Ambassador of Iran to United Kingdom
- In office July 2021 – February 2022
- President: Hassan RouhaniEbrahim Raisi
- Preceded by: Hamid Baeidinejad
- Succeeded by: Mehdi Hosseini Matin (Chargé d'affaires)

Personal details
- Born: April 4, 1966 (age 60) Khorramabad, Iran
- Education: School of International Relations in Tehran Shahid Beheshti (National) University
- Occupation: Diplomat

= Mohsen Baharvand =

Iranian diplomat

Note:
Mohsen Baharvand (April 4, 1966) is an Iranian diplomat who served as ambassador of Iran to United Kingdom from July 2021 to February 2022. In February 2022, Baharvand organized an event to celebrate the 43rd anniversary of the Islamic Revolution. A video circulated showing an embassy reception in London. A woman playing piano alongside a male violinist and several other women were not wearing their hijab, despite the hijab being required in Iran. After the video circulated, he was ordered back to Tehran by the Foreign Ministry and was removed from position as diplomat.

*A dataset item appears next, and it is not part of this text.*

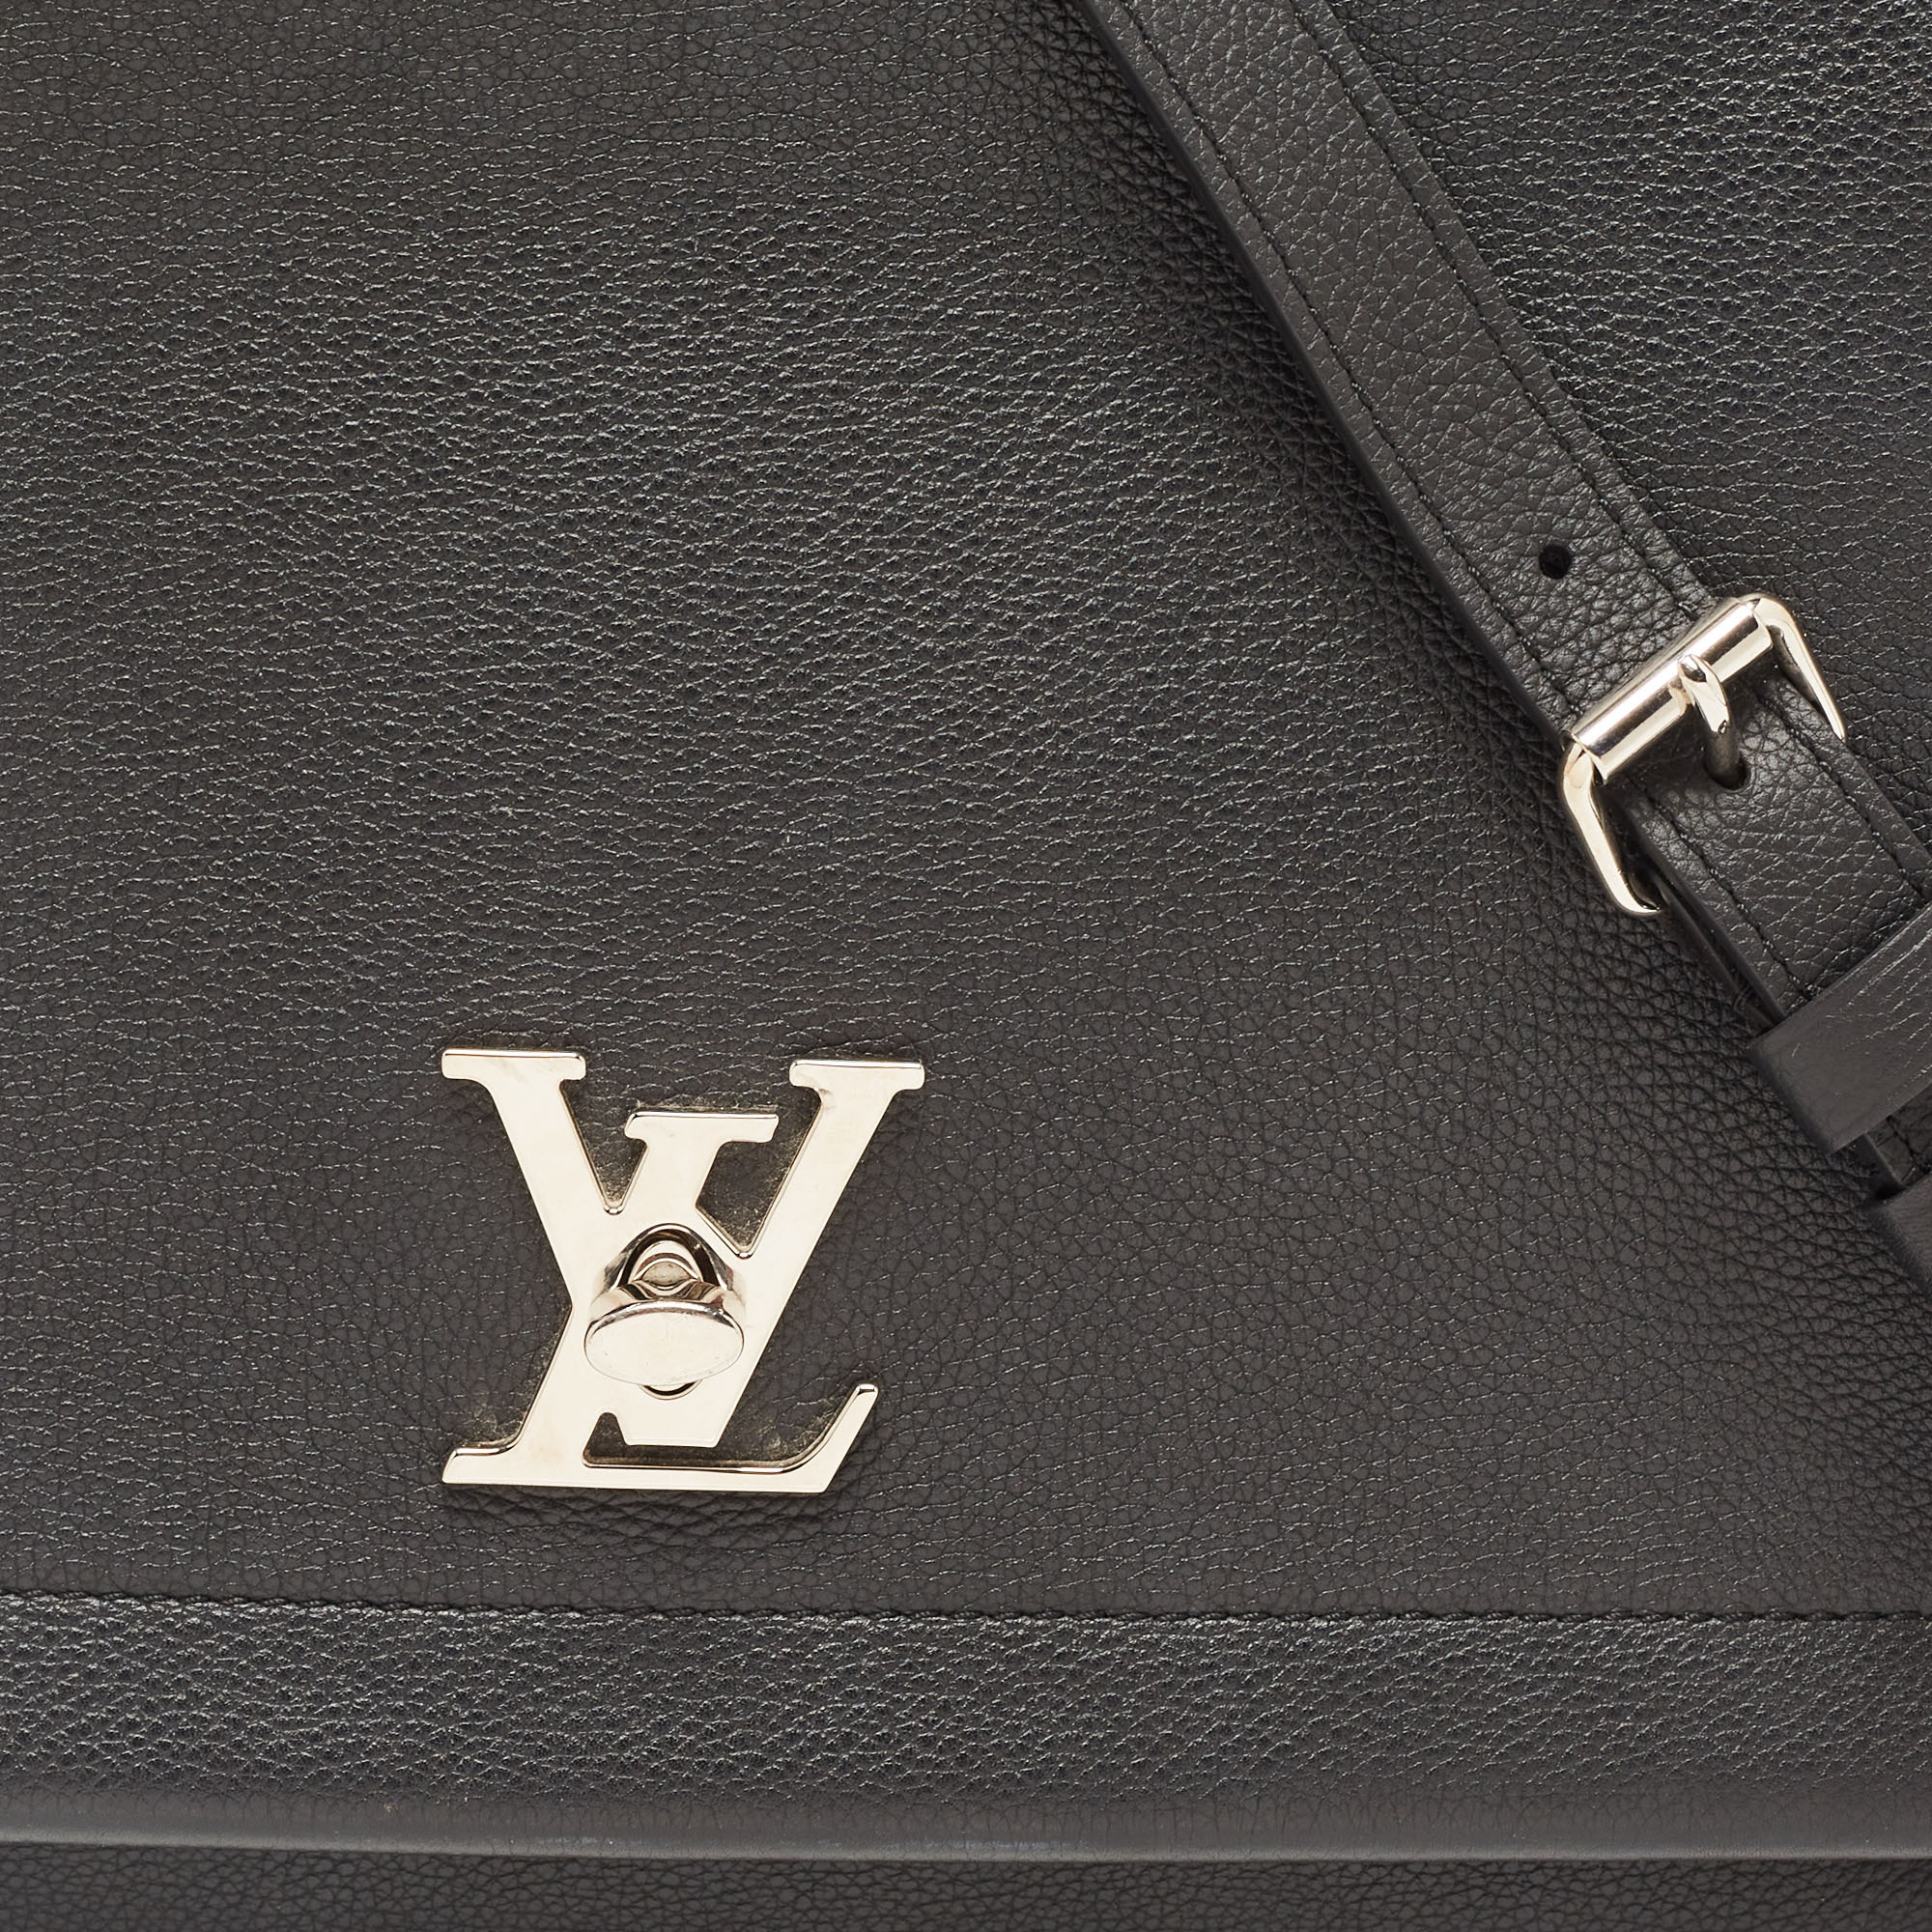 Louis Vuitton Black Leather Lockme II Top Handle Bag

== Early life and education ==
Baharvand was born in Khorramabad, Iran, on April 4, 1966. In 1989–1993, he studied at the School of International Relations in Tehran, Iran. In 2010–2012, he received an M.A. in Human Rights Law from the Faculty of Law in Shahid Beheshti (National) University.

== Career ==
From 1994 to 1995, Baharvand worked as a Legal Counsel at the Ministry of Foreign Affairs' Legal Affairs Division. He worked as a deputy director of the Ministry of Foreign Affairs' Legal Affairs Division from 1995 to 1996. He was a member of Iran's Permanent Mission in Geneva from 1996 until 2000. He served as Director of the Ministry of Foreign Affairs' Legal Affairs Division from 2001 until 2005. From 2006 to 2009, he was the Chargé d'affaires and Head of the Islamic Republic of Iran's Embassy in Buenos Aires. He served as the Ministry of Foreign Affairs Deputy Director-General for Latin American Countries from 2009 to 2014. He was the Deputy Secretary-General of the Asian African Legal Consultative Organization from 2014 to 2022.